### Import Libraries

In [0]:
from pyspark.sql import DataFrame
from pyspark.sql.functions import current_timestamp, lit, monotonically_increasing_id

### Define functions

In [0]:
def load_csv_from_s3(file_path: str) -> DataFrame:
    """
    Loads a single CSV file from the public S3 interview bucket
    into a Spark DataFrame using fixed options. All columns are loaded as string type.

    Args:
        file_path (str): The specific path of the file within the S3 bucket
                         (e.g., 'de/item.csv' or 'de/event.csv').

    Returns:
        DataFrame: The loaded Spark DataFrame.
    """
    S3_BASE_URL = "s3a://merkle-de-interview-case-study/"
    full_s3_path = S3_BASE_URL + file_path

    print(f"Loading data from: {full_s3_path}...")

    df = (
        spark.read
        .format("csv")
        .option("header", "true")             # Use the first row as column names
        .option("inferSchema", "false")       # All columns as string
        .option("multiLine", "true")          # Allow JSON values with line breaks (just in case)
        .option("quote", '"')                 # Handle quoted fields correctly
        .option("escape", '"')                # Handle inner quotes correctly
        .option("ignoreLeadingWhiteSpace", "true")
        .option("ignoreTrailingWhiteSpace", "true")
        .load(full_s3_path)
    )
    
    print("Data loaded successfully.")
    return df


def add_technical_columns(df: DataFrame, source_file: str) -> DataFrame:
    """
    Adds technical columns to the input DataFrame:
    - tc_ingestion_timestamp: current timestamp
    - tc_source_file: source file path
    - tc_bronze_id: unique id

    Args:
        df (DataFrame): Input Spark DataFrame.
        source_file (str): Source file path.

    Returns:
        DataFrame: DataFrame with technical columns added.
    """
    return (df
        .withColumn("tc_ingestion_timestamp", current_timestamp())
        .withColumn("tc_source_file", lit(source_file))
        .withColumn("tc_bronze_id", monotonically_increasing_id())
    )

### Load Data

In [0]:
# 1. Load the item.csv file
item_path = "de/item.csv"
item_df = load_csv_from_s3(item_path)

# 2. Load the event.csv file
event_path = "de/event.csv"
event_df = load_csv_from_s3(event_path)

### Add Technical Columns

In [0]:
# Add technical columns to item_df
item_df_bronze = add_technical_columns(item_df, item_path)

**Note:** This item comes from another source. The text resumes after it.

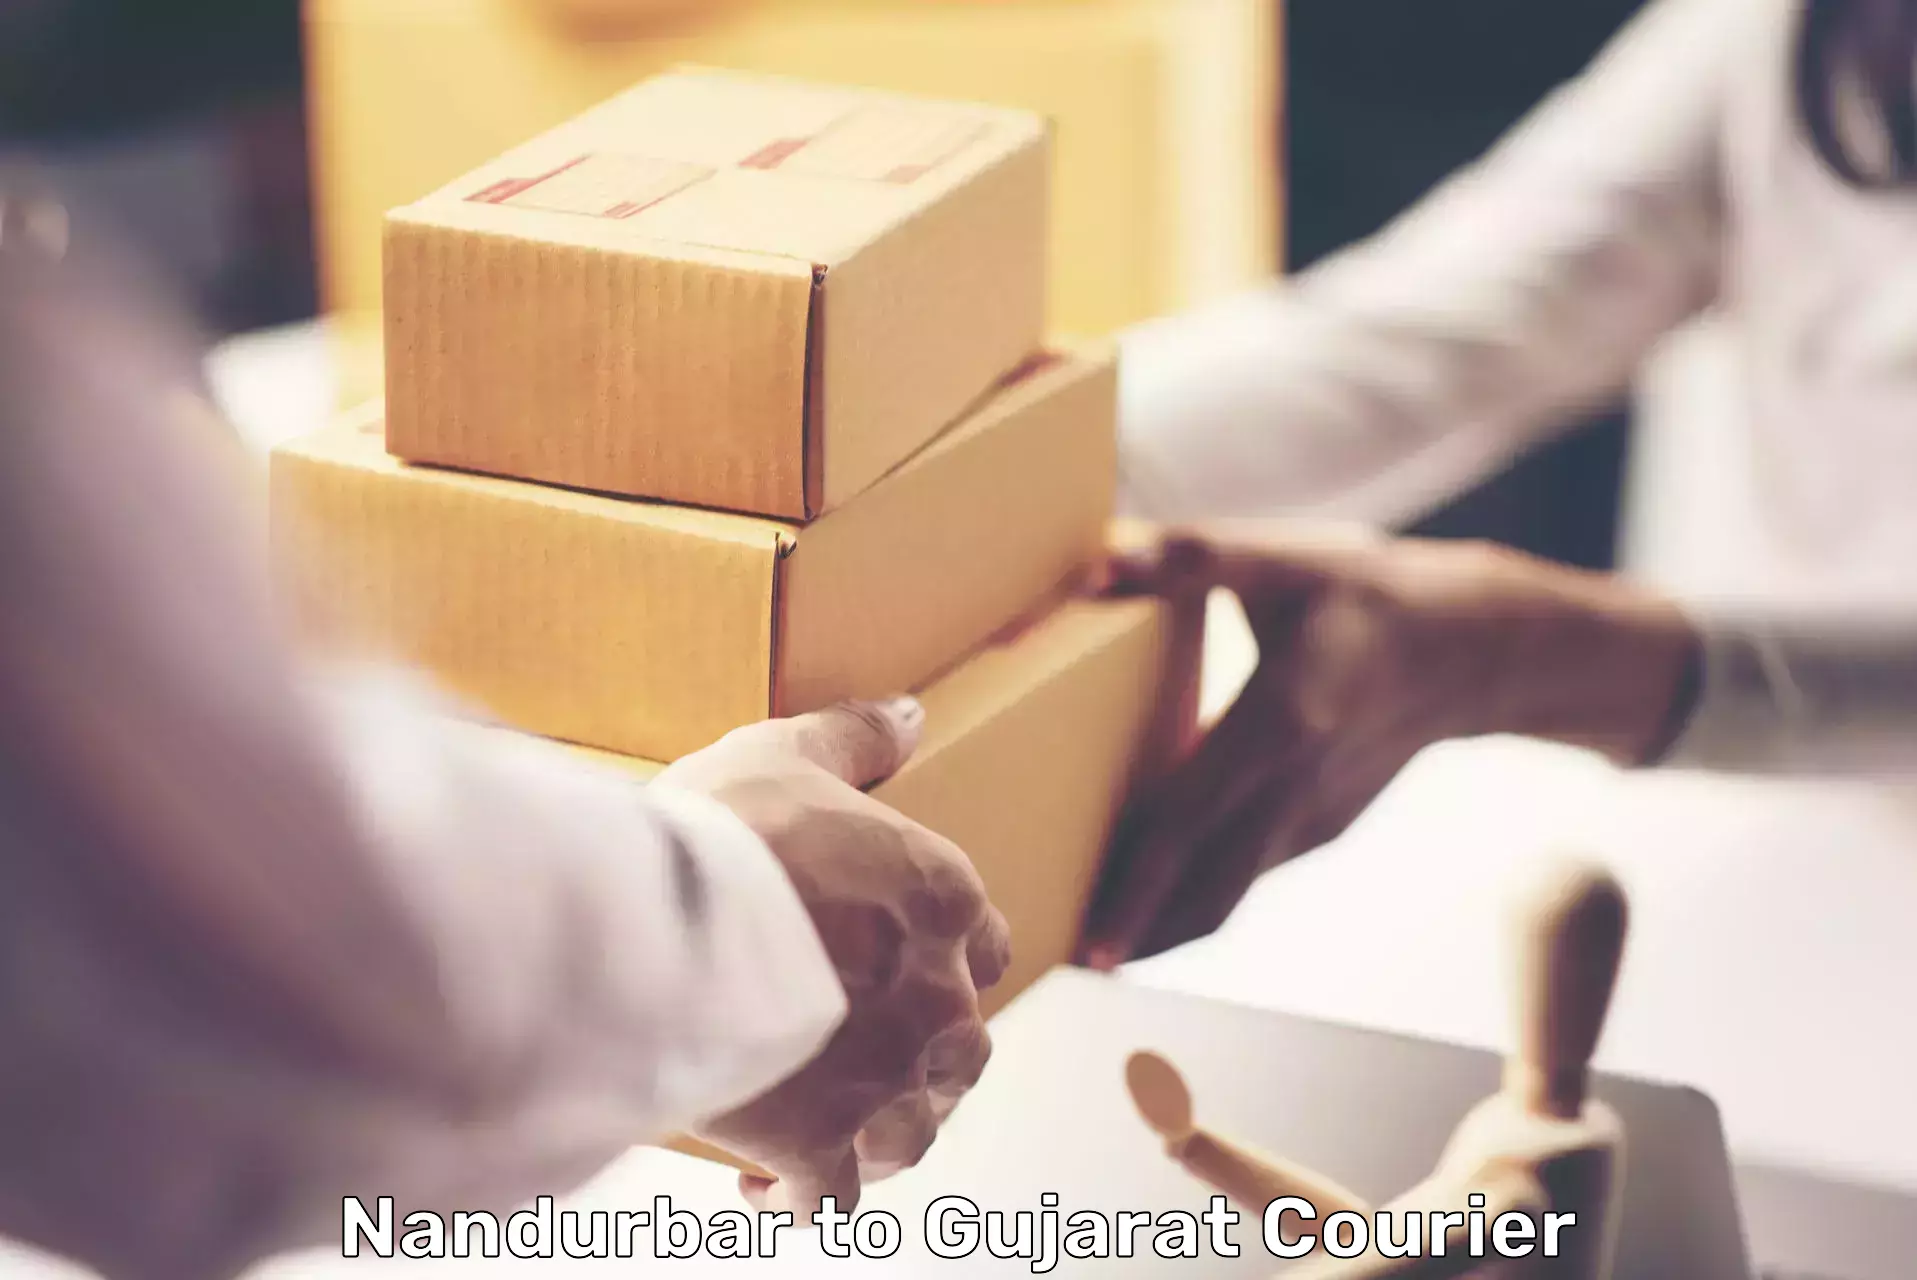 24-hour courier service in Nandurbar to Modasa

# Add technical columns to event_df
event_df_bronze = add_technical_columns(event_df, event_path)

### Save Tables

In [0]:
spark.sql("CREATE SCHEMA IF NOT EXISTS bronze_layer")
item_df_bronze.write.format("delta").mode("overwrite").saveAsTable("bronze_layer.bronze_item")
event_df_bronze.write.format("delta").mode("overwrite").saveAsTable("bronze_layer.bronze_event")
print("Bronze Delta tables created: bronze_layer.item, bronze_layer.event")